(Material provided Opens)
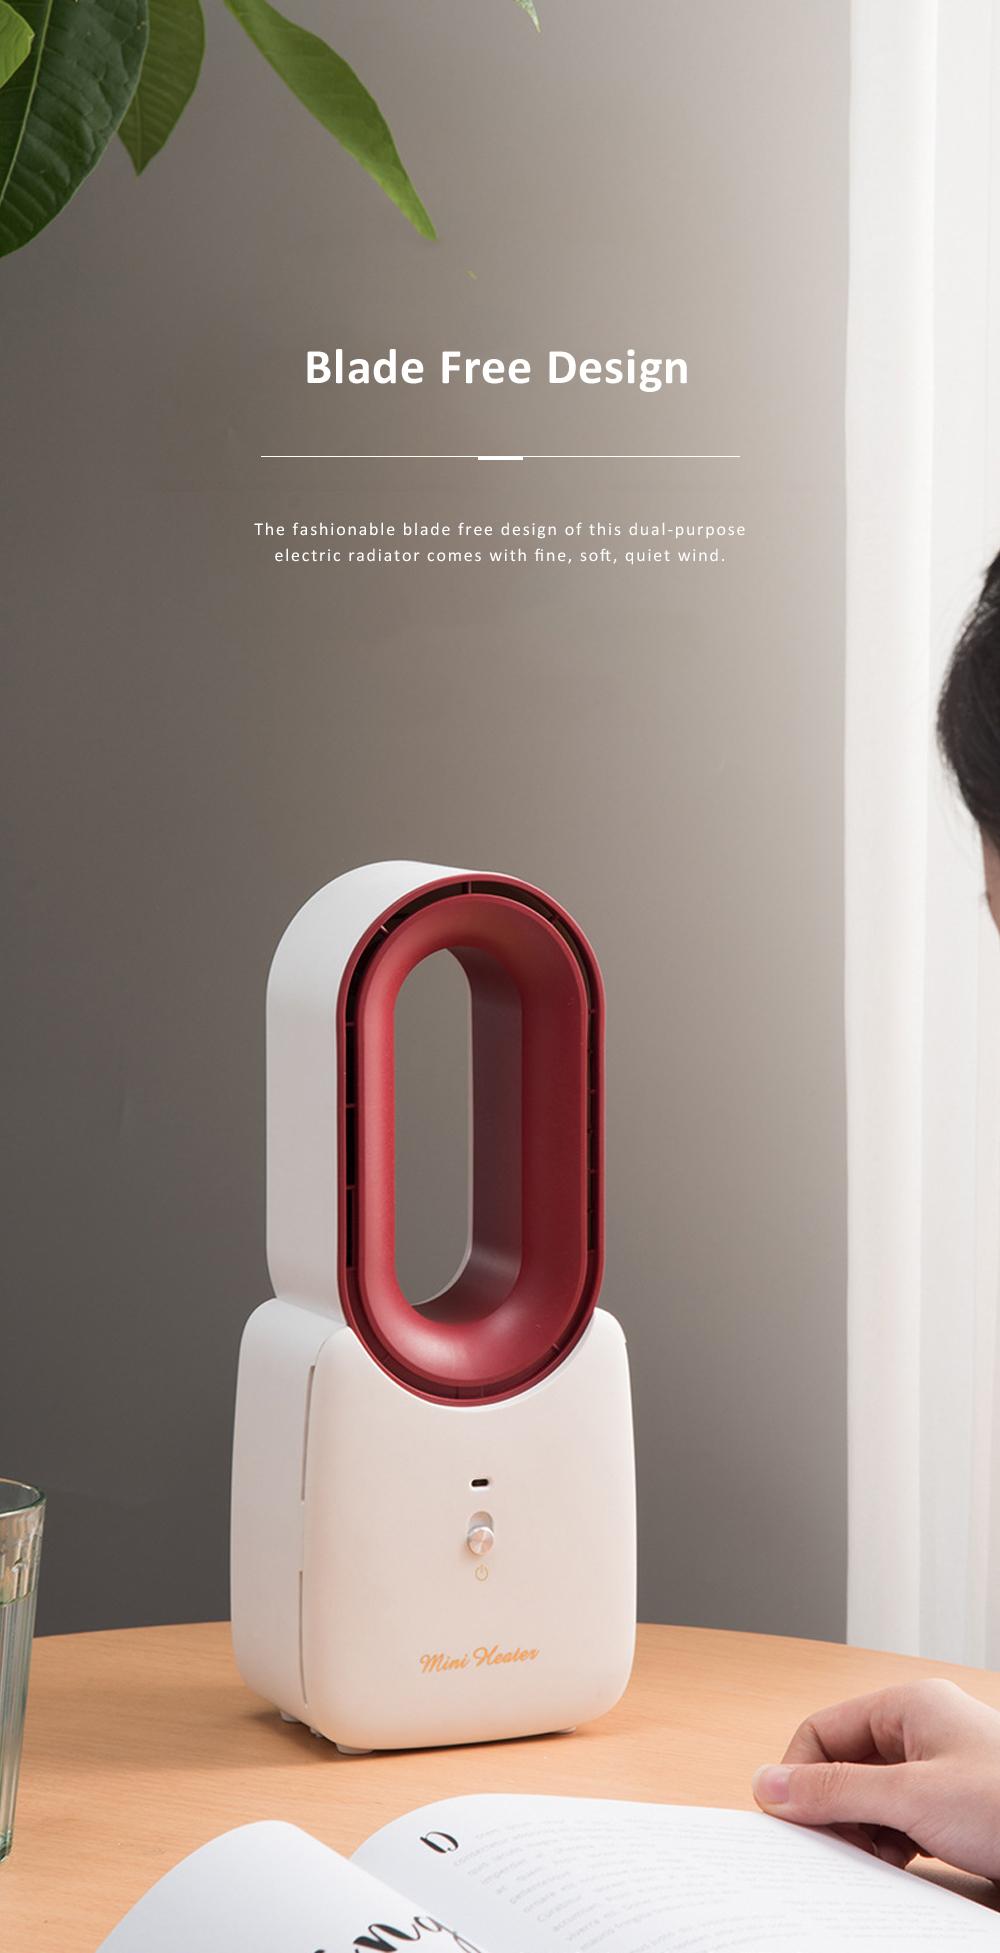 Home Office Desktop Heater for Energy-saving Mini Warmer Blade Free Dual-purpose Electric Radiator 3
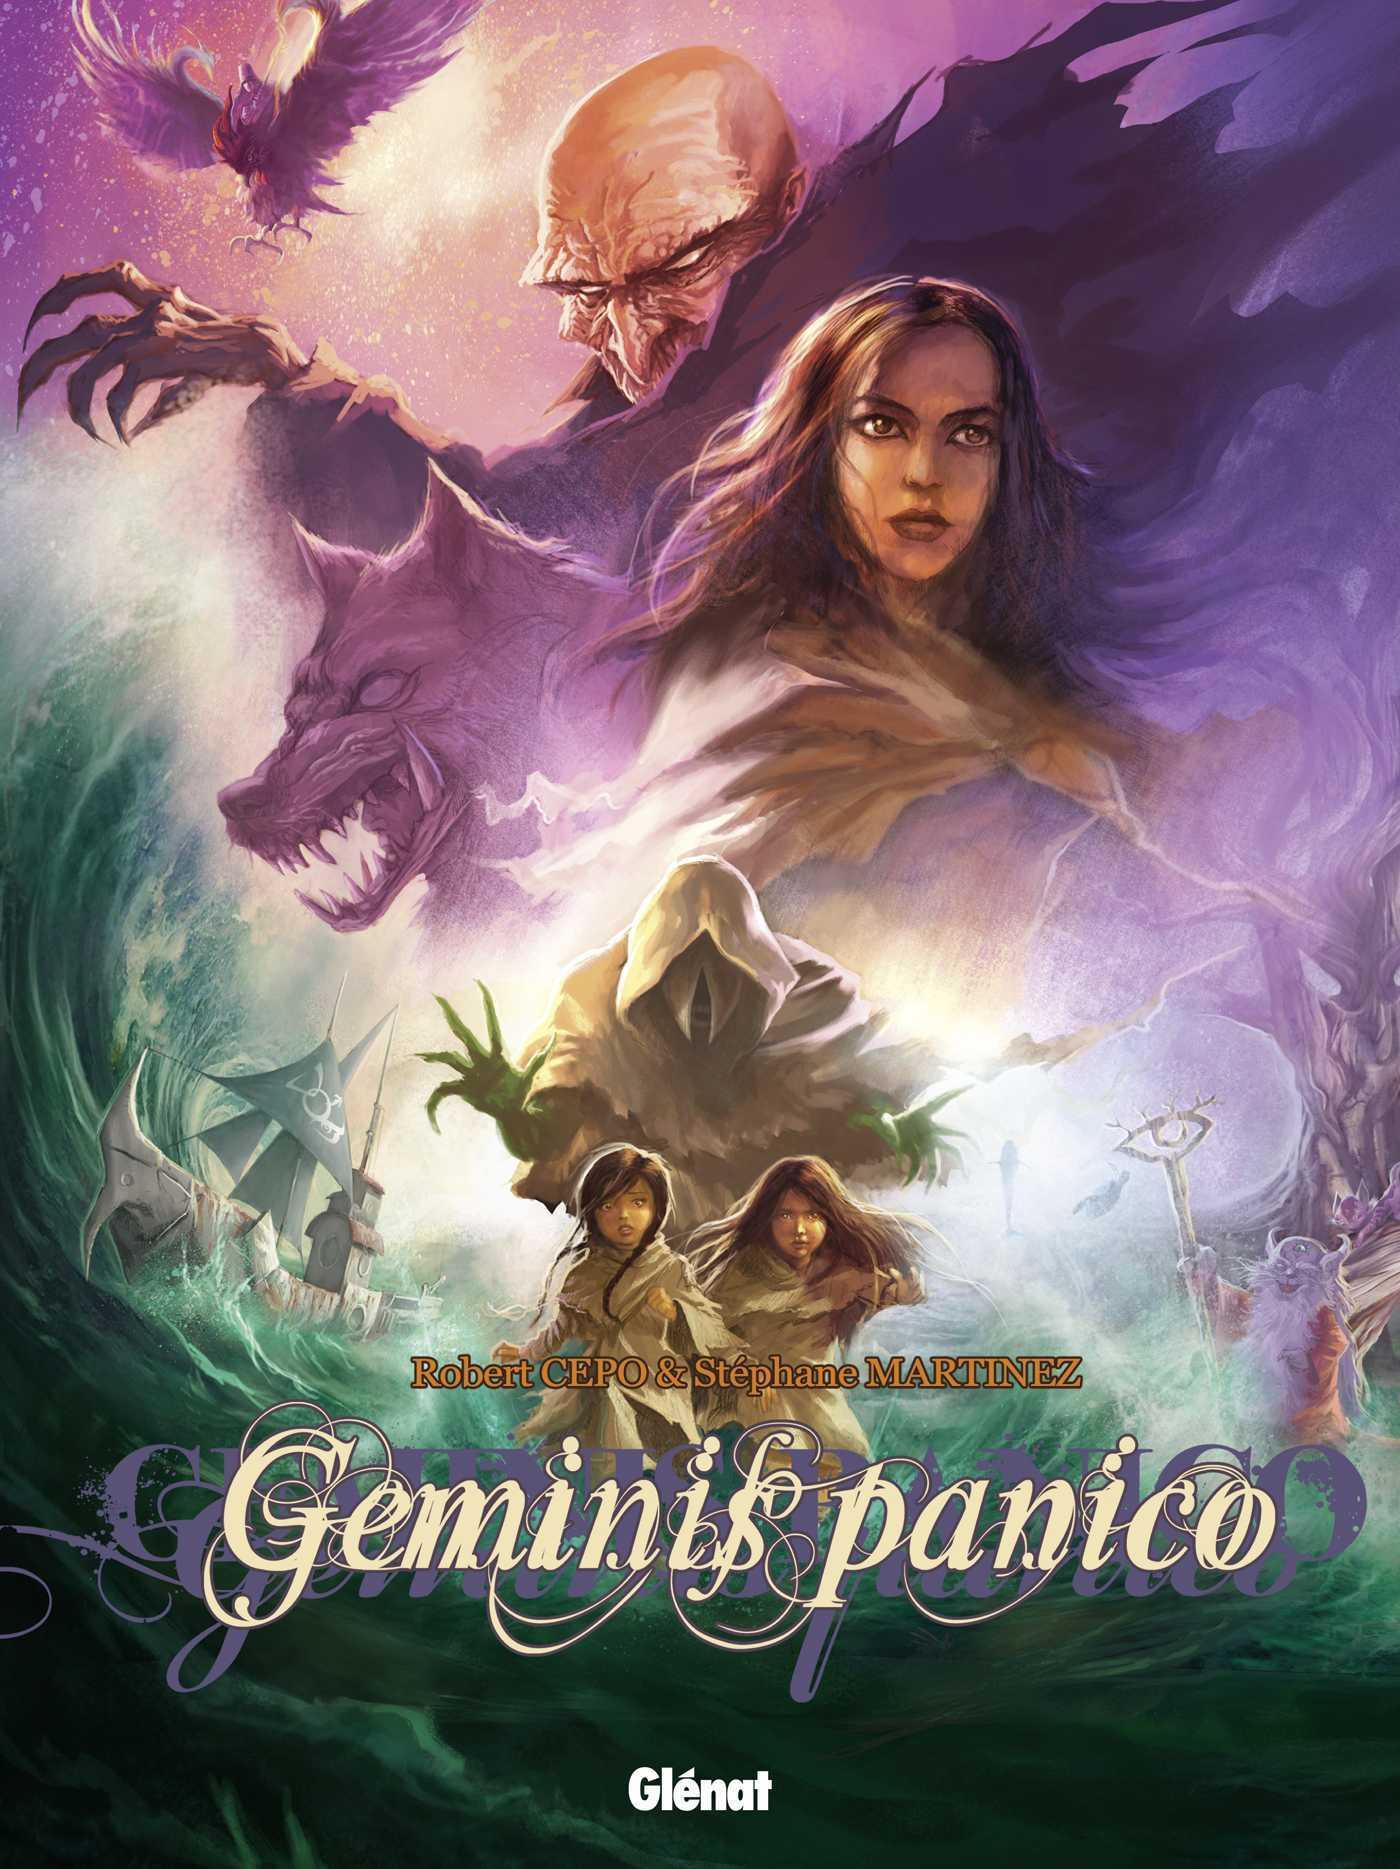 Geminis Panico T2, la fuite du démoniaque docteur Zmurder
(Material provided Closes)
(Material provided Opens)
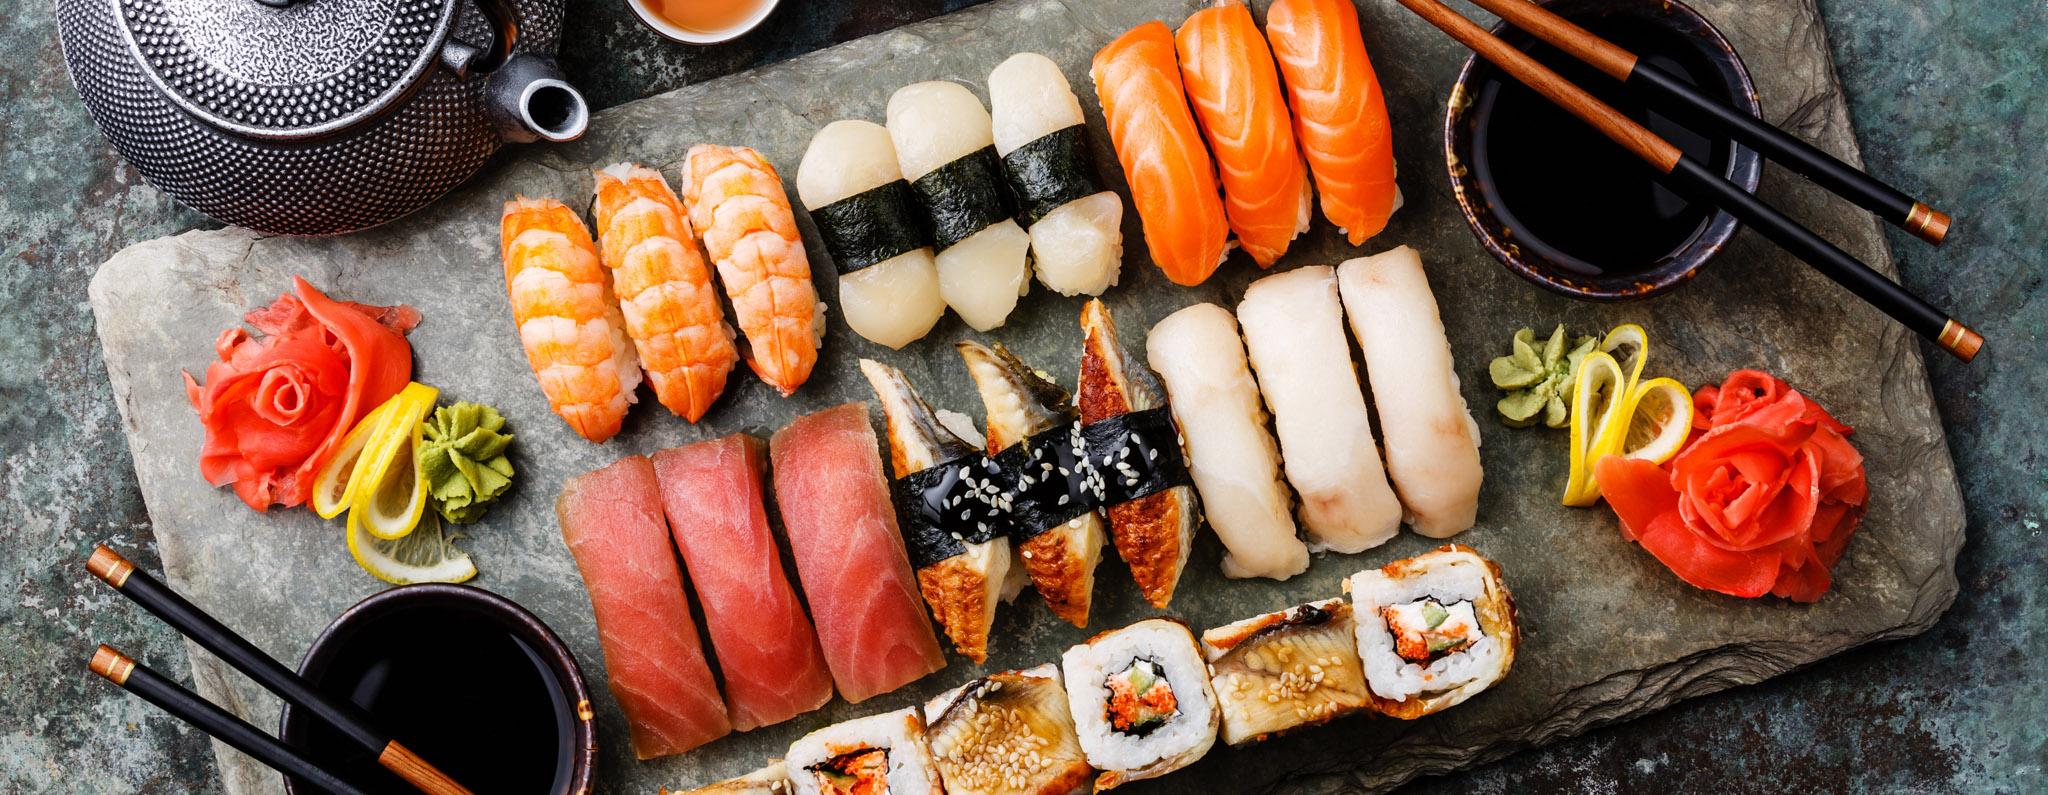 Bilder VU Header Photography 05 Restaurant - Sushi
(Material provided Closes)
Copy only this from above: the line containing "Home Office Desktop", the line containing "Geminis Panico T2, la", and all lines between, printed exactly. Leave out the pictures.

 Home Office Desktop Heater for Energy-saving Mini Warmer Blade Free Dual-purpose Electric Radiator 3
 Geminis Panico T2, la fuite du démoniaque docteur Zmurder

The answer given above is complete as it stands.